Activision mengumumkan mode baru untuk Call of Duty: Warzone yang diberi nama Black Ops Royale. Mode ini akan meluncur bersamaan dengan update Season 2 Reloaded pada bulan Maret. Black Ops Royale menawarkan pengalaman battle royale ala Blackout dengan berbagai elemen gameplay unik yang sebelumnya tidak ada di Warzone.
Black Ops Royale mengambil inspirasi dari mode Blackout di Call of Duty: Black Ops 4 yang populer. Berbeda dengan Warzone saat ini, mode ini tidak menggunakan buy stations atau stasiun pembelian senjata. Pemain akan menggunakan wingsuit saat terjun ke peta Avalon, bukan menggunakan parasut seperti di Warzone sejak 2020. Ini merupakan kebangkitan fitur klasik yang kembali diintegrasikan dengan teknologi Black Ops terbaru.

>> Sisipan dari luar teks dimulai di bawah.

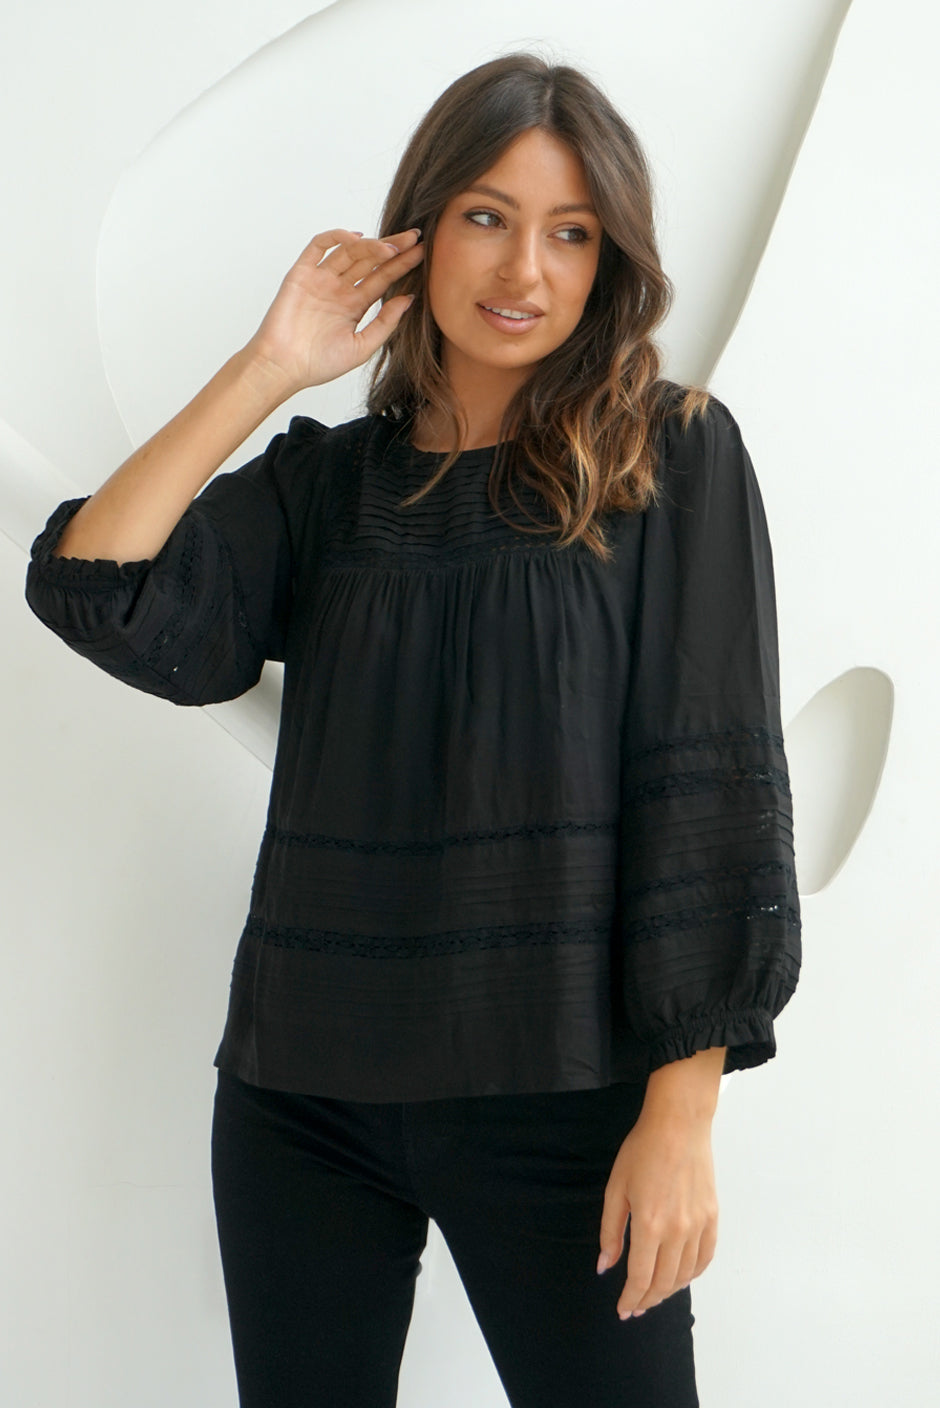 Sustainable & Ethical Women's Tops in Luxurious Fabrics - Paneros Clothing

Fitur Baru di Black Ops Royale
- Pemain akan bertarung melawan 99 pemain lainnya dalam satu ronde berformat squad.
- Peta Avalon akan menjadi lokasi pertempuran baru yang bergabung dalam rotasi peta bersama Verdansk, Rebirth Island, dan Haven’s Hollow.
- Mode ini menghilangkan opsi membeli loadout di tengah pertandingan, sehingga kemenangan bergantung pada kemampuan improvisasi dan penguasaan area.
- Perks diubah, serta diperkenalkan archetype senjata baru yang menambah variasi gaya bermain.
- HUD tipe C-Link dari Black Ops resmi hadir untuk memberikan informasi taktis lebih lengkap.
Selain itu, kemampuan dan teknologi yang sebelumnya hanya ada di mode campaign Endgame dan mode Skirmish Black Ops 7 juga akan hadir di Black Ops Royale. Fitur seperti grapple hook, sensor dart, dan trauma kit kini bisa digunakan selama pertempuran. Ini menambah lapisan strategi baru di Warzone yang belum pernah ada sebelumnya.
Aktivitas dan Tantangan Baru
Black Ops Royale menawarkan berbagai aktivitas tambahan yang bisa dimanfaatkan oleh pemain untuk keuntungan tim. Ada misi seperti berburu bounty, membuka strongboxes, merebut relay, dan menembus pertahanan Guild. Menyelesaikan aktivitas ini memberi keuntungan berupa UAV sweep, redeploy squad dengan cepat, dan perlengkapan berguna untuk bertahan hidup.
Salah satu fitur menarik adalah hadirnya Cradle Breaches. Area tertentu di peta akan tertutup kabut beracun yang menimbulkan efek halusinasi berupa kawanan zombie. Tim yang berani memasuki zona ini dapat menghadapi Mangler boss yang kuat. Mengalahkan boss ini memberikan hadiah langka yang sangat menguntungkan. Namun, risiko yang dihadapi juga tinggi.
Black Ops Royale diperkirakan akan menghadirkan dinamika baru pada komunitas Warzone. Para pemain bisa memilih untuk fokus pada pertempuran klasik atau memanfaatkan aktivitas tambahan untuk memenangkan pertempuran dengan strategi berbeda. Avalon sendiri dirancang menjadi arena pertempuran yang kaya interaksi dan penuh tantangan.
Update Season 2 Reloaded
Selain Black Ops Royale, update Season 2 Reloaded juga membawa berbagai perubahan lain ke dalam Call of Duty. Terdapat peta dan mode baru di Multiplayer, serta event khusus Counter Skies yang dimulai pada pertengahan bulan Maret. Developer memperbarui tema dan konten visual sehingga gameplay tetap fresh dan menarik.
Meski update ini tidak memperkenalkan battle pass baru, tersedia premium pass tracks untuk mendapatkan hadiah event khusus bagi yang sudah menyelesaikan battle pass Season 2. Periode Season 2 Reloaded menandai fase akhir dari season kedua Black Ops 7 sebelum memasuki Season 3.
Dengan kehadiran Black Ops Royale, Call of Duty: Warzone kembali menunjukkan komitmennya untuk menawarkan variasi pengalaman bermain dan menjaga komunitas tetap aktif. Mode ini juga menjadi angin segar bagi para penggemar yang merindukan nostalgia Blackout dengan sentuhan inovasi teknis terbaru.
Pemain tetap disarankan untuk mencoba mode ini sejak hari pertama perilisan karena potensi eksposur strategi baru yang signifikan. Pengalaman bertarung di Avalon dengan mekanik wingsuit dan tantangan Cradle Breaches menjadi daya tarik utama Black Ops Royale. Pengembangan berkelanjutan dari Call of Duty terus menunjukkan bahwa franchise ini dinamis dalam mengakomodasi keinginan komunitas global.